Currently Truffle uses that path to optimize compilation. It checks when the artifacts' were last updated and compares that to when the source files were updated to see which files require compilation and which ones don't. So it uses it to find source material for a given compiled artifact. Maybe there is a different way to do this without requiring the use of absolute paths?

wbt commented 1 year ago

A couple strategies come to mind: 1) Use content addressing: compute the CID of each file in the contracts source directory, store those in the artifacts instead, and otherwise follow a procedure pretty similar to the status quo. This is slightly slower but much more robust and solves the security + unanticipated behavior problems of the status quo. It also allows for some interesting potential added functionality, e.g. if a dapp/wallet with access to the artifact (for ABI + deployed location information) is able to check IPFS for the source it can do its own verification and present more usable UI for transaction confirmation without having to rely on another centralized service like Sourcify. Much of that can in theory be done today since the artifact contains the source, but optional IPFS pinning of particular versions allow for connections to endorsements, audit reports, trust-level certifications, easier Remix integrations, and other exciting potential expansions of functionality outside Truffle.

2) Use relative paths in the artifact files.
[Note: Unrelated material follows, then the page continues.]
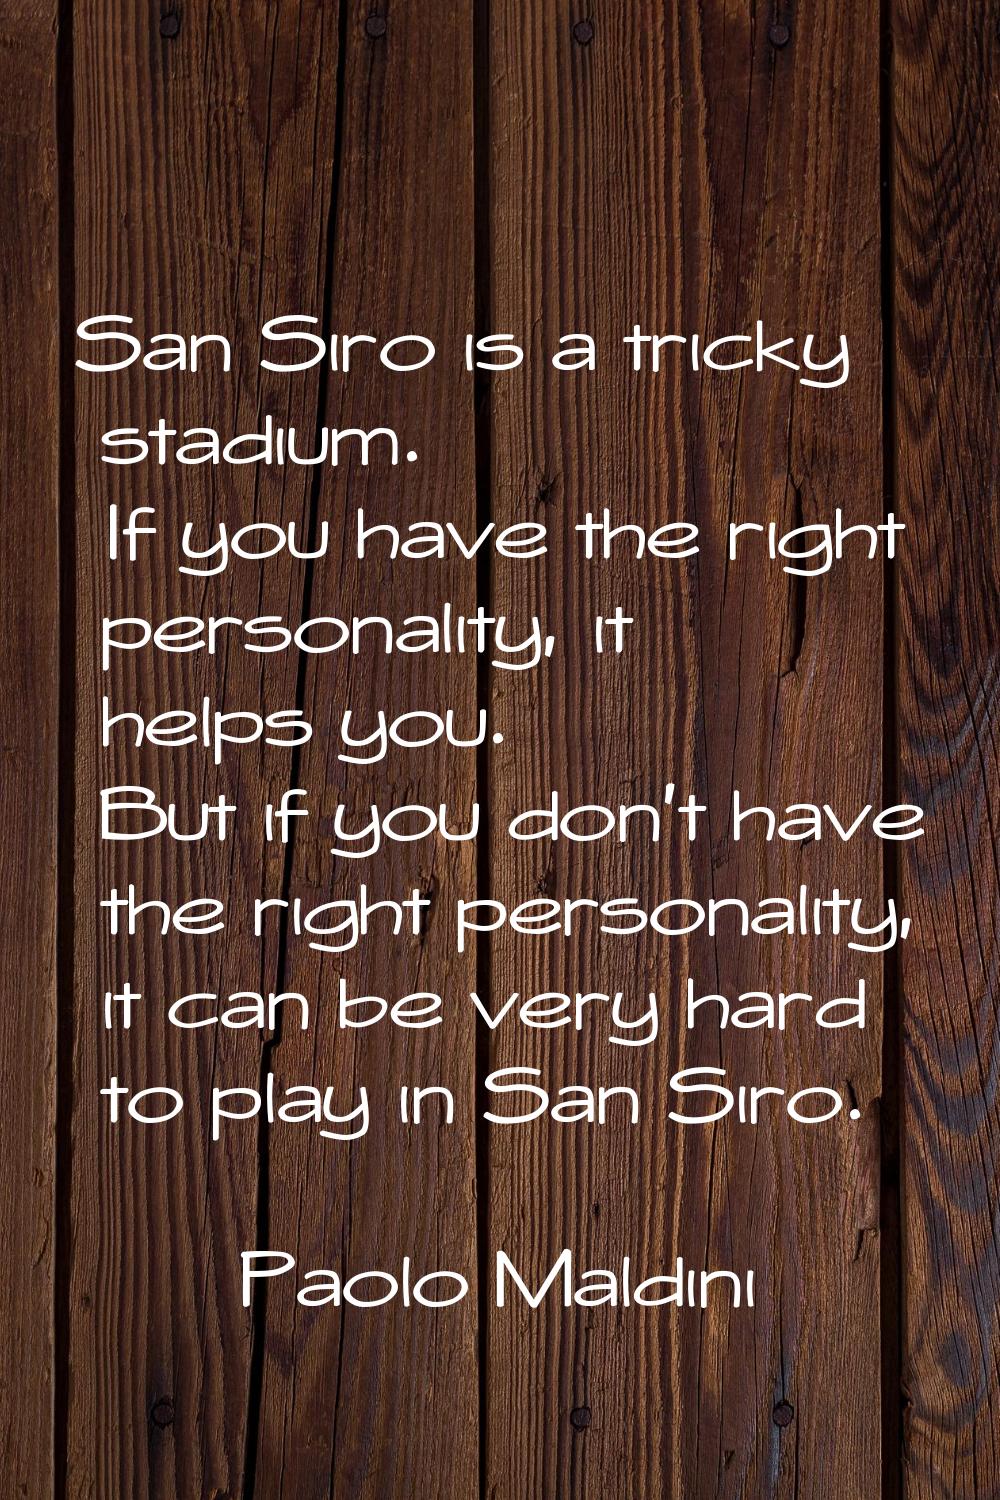 San Siro is a tricky stadium. If you have the right personality, it helps you. But if you don't hav

3) Emit an additional file, perhaps a sibling to the truffle-config file, which lists relative paths and last-modified times, and remove in-artifact references to the source path.

4) Drop the optimization and always recompile all smart contract source files. Of these four, it's the slowest, but it is still strongly preferred over the unexpected behavior of the status quo. This is probably also the only option that doesn't require a major version bump.

In our workflow, smart contracts are actually written by scripts as part of the build process, so their last modified dates will always be extremely recent and the truffle compile stage will always recompile them on that basis, so the first option is strongly preferred. Use of absolute paths is definitely to be avoided, especially for collaborative development and review (incl. auditing) processes.

eggplantzzz commented 1 year ago

@gnidan thoughts?

gnidan commented 1 year ago

I concur that we should get rid of absolute paths inside the artifacts. Now that we use that project: prefix for paths, we could probably switch to that. (Is that a breaking change? Maybe not, if we continue to support the existing absolute paths, but new artifacts get output with project:/ paths instead.)

Note that this would require @truffle/resolver to be updated so that resolver.resolve() accepts these project:/ style paths, which it currently does not. I'll make a new issue for that.